Retinaldehyde-binding protein 1 (RLBP1) also known as cellular retinaldehyde-binding protein (CRALBP) is a 36-kD water-soluble protein that in humans is encoded by the RLBP1 gene.

Discovery 
Cellular retinol binding protein (CRBP) was first discovered in 1973 from lung tissues by Bashor et al. There have been three cellular retinol binding protein categories discovered; Cellular retinol-binding protein, cellular retinoic acid-binding protein and cellular retinaldehyde-binding protein(CRALBP). CRALBP was first discovered in 1977, after it was purified from retina and retinal pigment epithelial cells.

Function 

The cellular retinaldehyde-binding protein transports 11-cis-retinal (also known as 11-cis-retinaldehyde) as its physiological ligands. It plays a critical role as an 11-cis-retinal acceptor which facilitates the enzymatic isomerization of all 11-trans-retinal to 11-cis-retinal, in the isomerization of the rod and cones of the visual cycle.

Tissue distribution 
CRALBP is not just found in retina and retinal pigment epithelial cells, but also expressed in other cell types. It is majorly found in the iris, cornea, ciliary epithelium, Muller cells, the pineal gland and oligodendrocytes of the optic nerve and brain. This protein is also found in other tissues than the aforementioned ones, however its function in cells not related to the eyes are not yet known

Clinical significance 

When a visual pigment molecule in photoreceptors of mammalian rod and cone cells are triggered by photons of light, the pigment molecule is unable to detect an ensuing photon of light. All the retinal molecules in the chromophore of the visual pigment molecule, exist in the 11-trans-retinal state after stimulation by photons. RLBP1 helps in converting the 11-trans-retinal to the light sensitive 11-cis retinal. This process is a part of the visual cycle, which involves the expulsion of all 11-trans-retinal containing chromophores out of photoreceptors, and subsequent conversion to the 11-cis-retinal state in retinal pigment epithelial cells, for both rod and cone cells. The 11-cis chromophore is then signalled back into photoreceptor cells, where it undergoes fusion with a free opsin molecule to regenerate the visual pigment.

Gene location 
The RLBP1 gene is located on human chromosome 15, specifically on 15q26. This gene was formerly believed to have 8 exons and 7 introns. However, Vogel et al. demonstrated that there are actually 8 introns on that chromosome. A gene element, upstream of the previously thought exon 1 was originally thought to be an enhancer. In reality, this assumed enhancer is the main promoter for this gene. The newly discovered intron 1 lies within and just near the end of the promoter region of RLBP1 gene.

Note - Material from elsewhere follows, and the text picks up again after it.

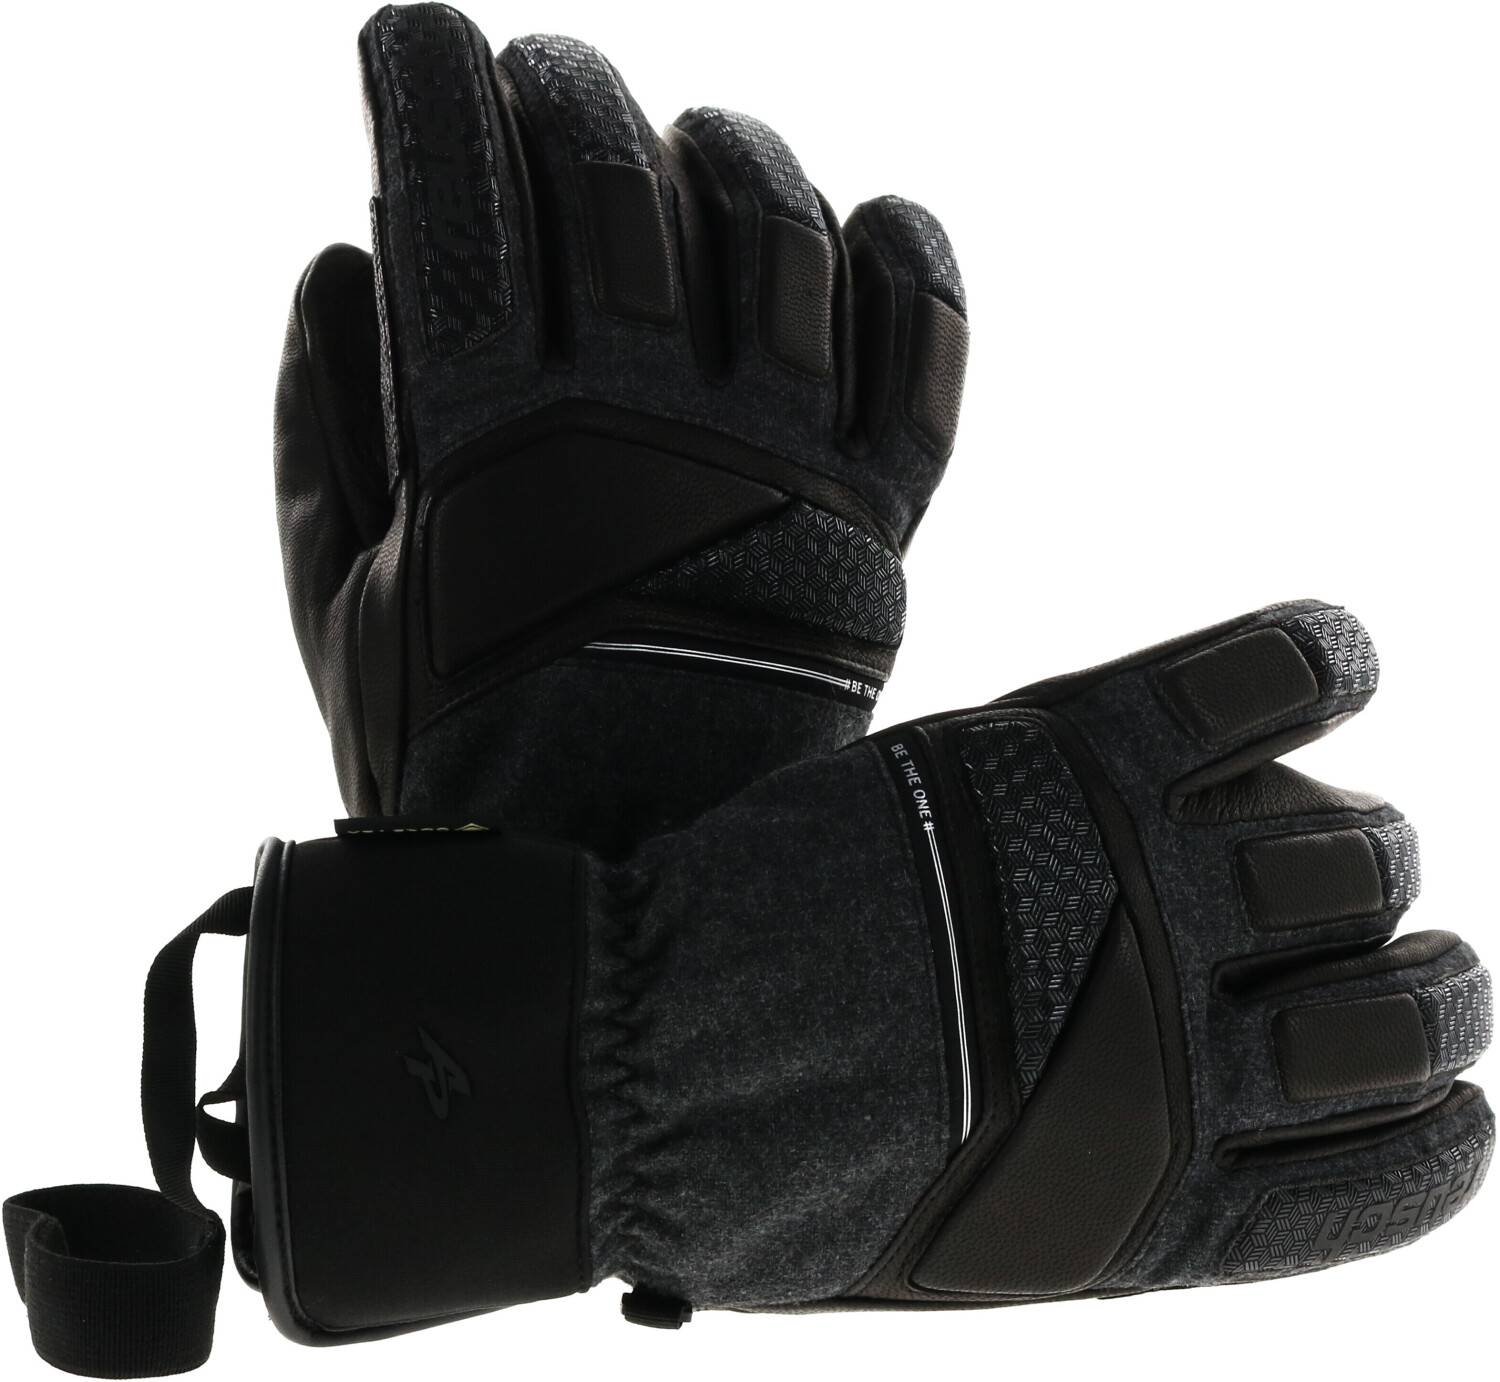 Reusch Alexis Pinturault GTX Ski Gloves black/grey alpine melan ab 127,51 €  | Preisvergleich bei

Mutations and associated diseases 
Mutations of RLBP1 include several diseases associated with vision. All of these are autosomal recessive including Bothnia dystrophy, retinitis punctata albescens, retinitis pigmentosa, Newfoundland rod-cone dystrophy and fundus albipunctatus. The characteristics of the associated diseases vary with age, severity and rate of progression.  These all have similar qualities such as, photoreceptor deterioration and slower dark adaptation, ultimately leading to visual impairment, often leading to complete blindness.

Bothnia dystrophy 
People suffering from Bothnia dystrophy have a homozygous C to T base pair substitution in exon 7 of the RLBP1 gene. This leads to a missense mutation from Arginine to Tryptophan at the 234 position of the RLBP1.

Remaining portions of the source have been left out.